Quando i cosmetici erano mortali
"La cerussa", un bianco per una pelle bianchissima per sfoggiare in ogni occasione mondana un viso di porcellana.
Era questo il miglior biglietto da visita delle nobildonne veneziane che volevano trovare marito: un biancore che fosse simbolo di purezza, ma che nascondesse anche gli eventuali segni lasciati dalle scarse norme igieniche o da malattie.
Ad aiutare le donne a raggiungere questo risultato c’erano gli spezieri e i muschieri, che preparavano acque profumate e impacchi di bellezza. Ma spesso questi intrugli non bastavano a raggiungere lo scopo.
Le dame si applicavano su tutto il viso e sul décolleté uno strato di cerone, la cerussa.
Una sorta di cipria, in polvere, che veniva per comodità lavorata sotto forma di palline, lasciata seccare e poi ridotta di nuovo in polvere, all’occorrenza, con un mortaio.
Le polveri erano composte da metalli altamente tossici, come il bianco di piombo, chiamato “biacca” – prese il nome di cerussa perché richiamava il candore della cera delle candele - o il sublimato di mercurio, chiamato anche “fuoco di Sant’Elmo”, che mangiava le rughe, le cicatrici e, purtroppo, anche i lineamenti.
Un cerchio senza fine: perché il risultato era che le donne applicavano una maggior quantità di preparato per coprire i segni che deturpavano il volto.
Per farlo aderire meglio, a volte veniva mescolato con l’albume, ma questo si rompeva sotto i movimenti del viso, quindi era rigorosamente vietato perfino sorridere.
All’applicazione di questa copertura col tempo seguivano infiammazioni agli occhi, caduta di capelli e sopracciglia (che venivano sostituite da sopracciglia posticce in pelliccia di talpa e topo), annerimento dei denti, paralisi, infertilità.
Si poteva arrivare anche alla morte.
Insomma, belle da morire non era poi solo un modo di dire.Dopo aver applicato il belletto, le dame veneziane applicavano un rosso acceso sulle gote, un rouge o fard preparato con zafferano turco, resine, legno del brasile, sandalo e cocciniglia.Oppure la preparazione dei cosmetici prevedeva metalli e minerali come il cinabro, vermiglio e minio, anche questi velenosi per la pelle.
Per togliere il cerone non si usava acqua e sapone ma un detergente con ingredienti altamente dannosi: una miscela contenente gusci d’uovo, allume e mercurio.
Questo poteva dare l’impressione di lasciare la pelle morbida e liscia, ma era solo dovuto al fatto che il mercurio la corrodeva.
Una vittima della cerussa fu Elisabetta I che nel 1562 contrasse il vaiolo che le lasciò il viso butterato.
Poiché la regina era sempre stata orgogliosa della sua bellezza, temeva che ciò potesse rovinare la sua immagine, con quella pelle perfettamente chiara, l’aspetto tipico delle classi più alte, della nobiltà e della perfezione terrena.

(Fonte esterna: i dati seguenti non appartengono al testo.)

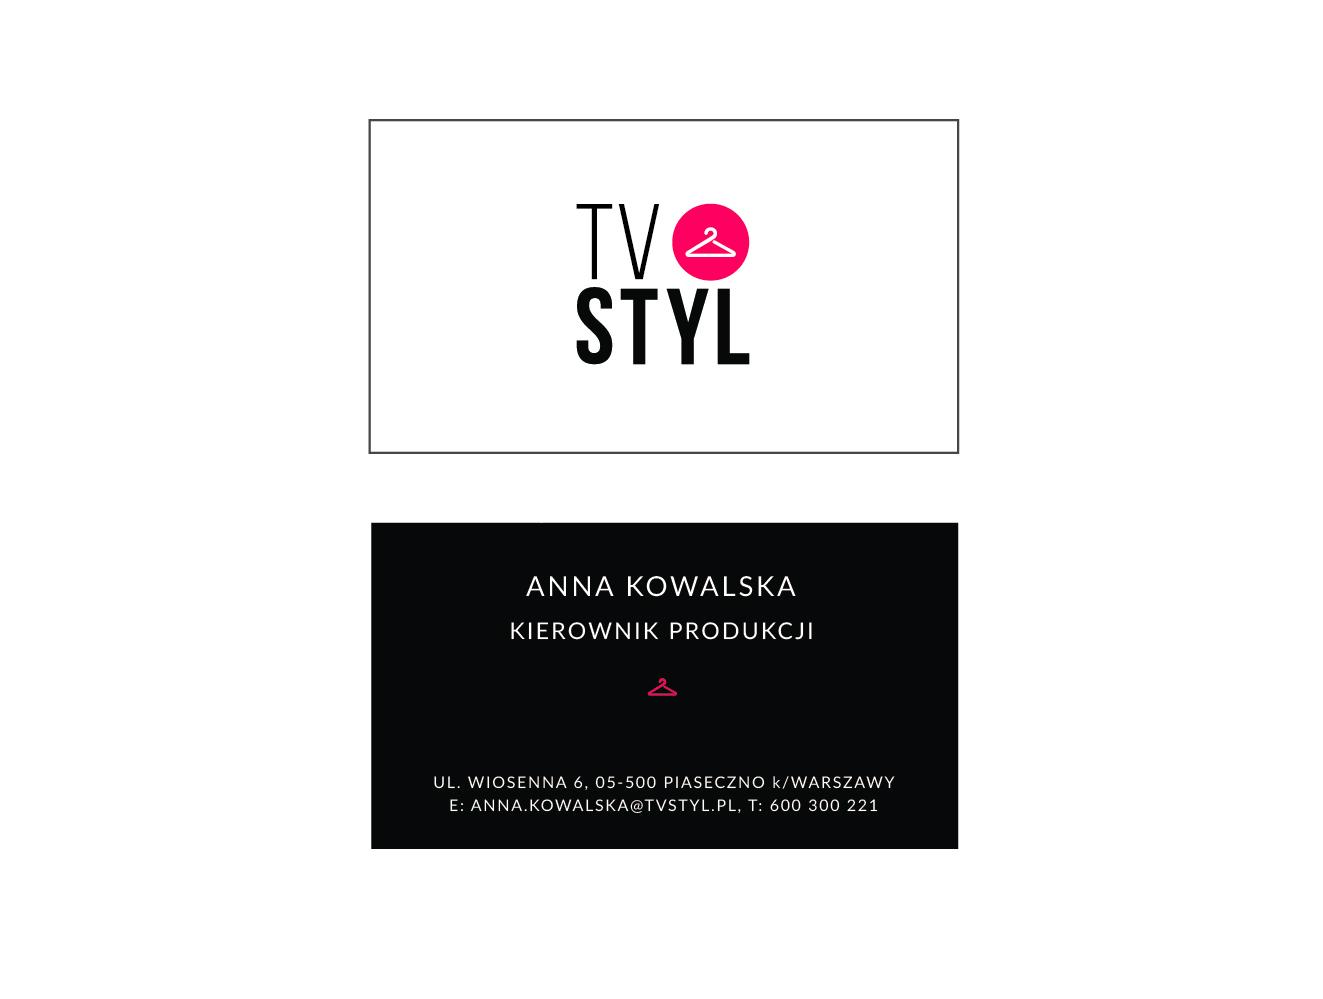 TV STYL 4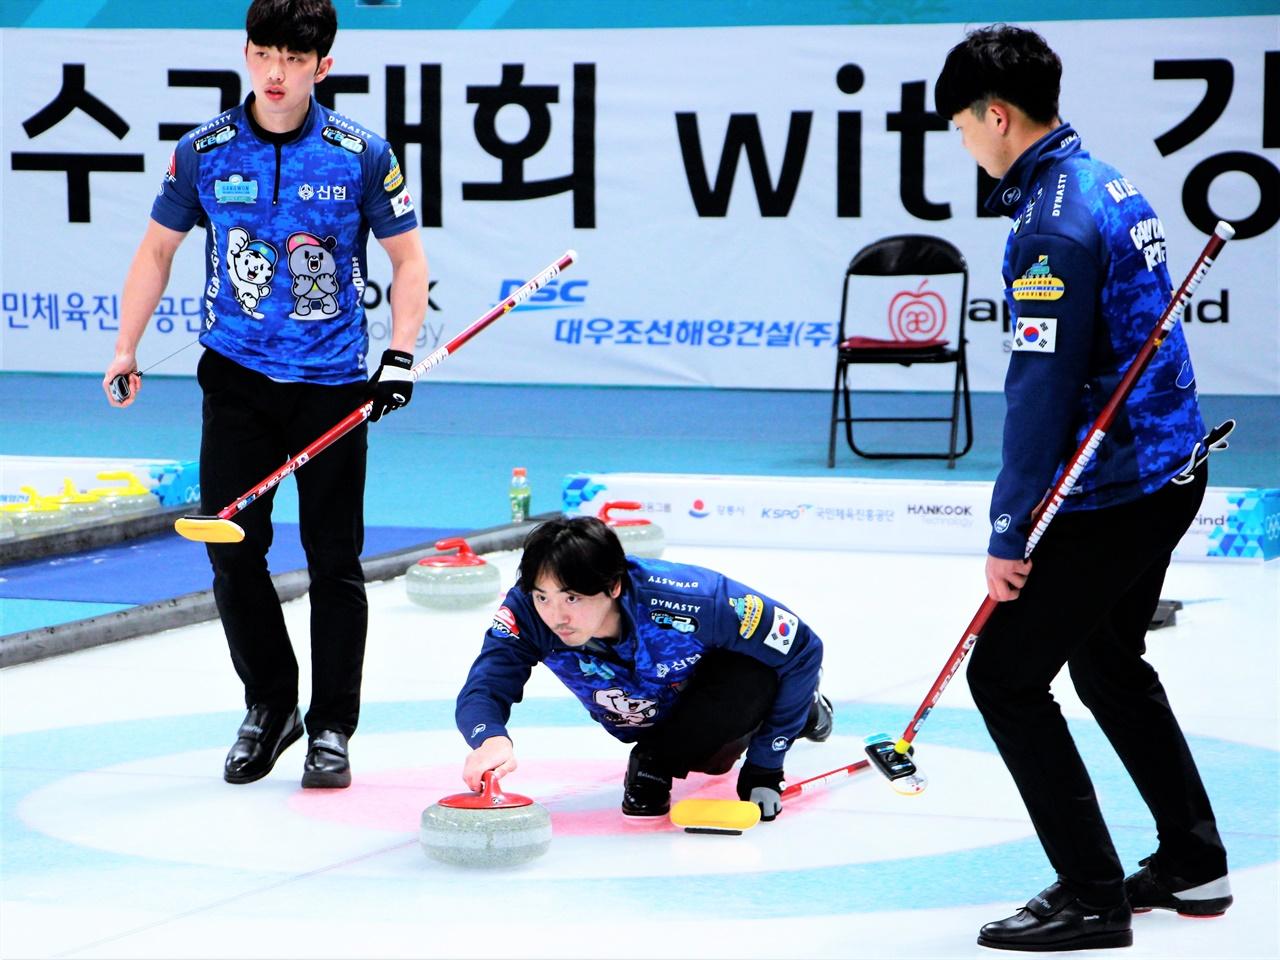 2021 KB금융 한국컬링선수권대회 2차 라운드에서 강원도청 박종덕 스킵이 스톤을 투구하고 있다.

Iniziò allora a coprirsi le cicatrici con un pesante strato di trucco bianco, usando quella che era conosciuta come la “cerussa veneziana”, o ” spirito di Saturno”, che la aiutava a ripristinare la sua carnagione liscia e bianca.
Per completare il look, Elizabeth utilizzava anche pigmenti rosso vivo sulle labbra che erano a base di cinabro, un minerale tossico contenente mercurio.
Negli ultimi anni del suo regno, la regina conduceva una lotta senza sosta nel tentativo di nascondere i segni del tempo.
Ma quando nel 1599, il conte di Essex la vide in camicia da notte, senza parrucca e trucco, rimase scioccato dallo spettacolo.
Fin dal Medioevo, Venezia fu uno dei principali luoghi di produzione in Europa della biacca, in dialetto “sbiaca”, che era utilizzata anche come pittura o medicamento.
La sua biacca era tanto famosa da far sì che questo colore fosse noto anche come “bianco veneziano”, o “bianco di Venezia”.
Oggi ne rimane traccia nella toponomastica cittadina, come Calle de la Sbiaca, vicino al Rio Novo, dove esisteva una rinomata bottega del pregiato bianco veneziano.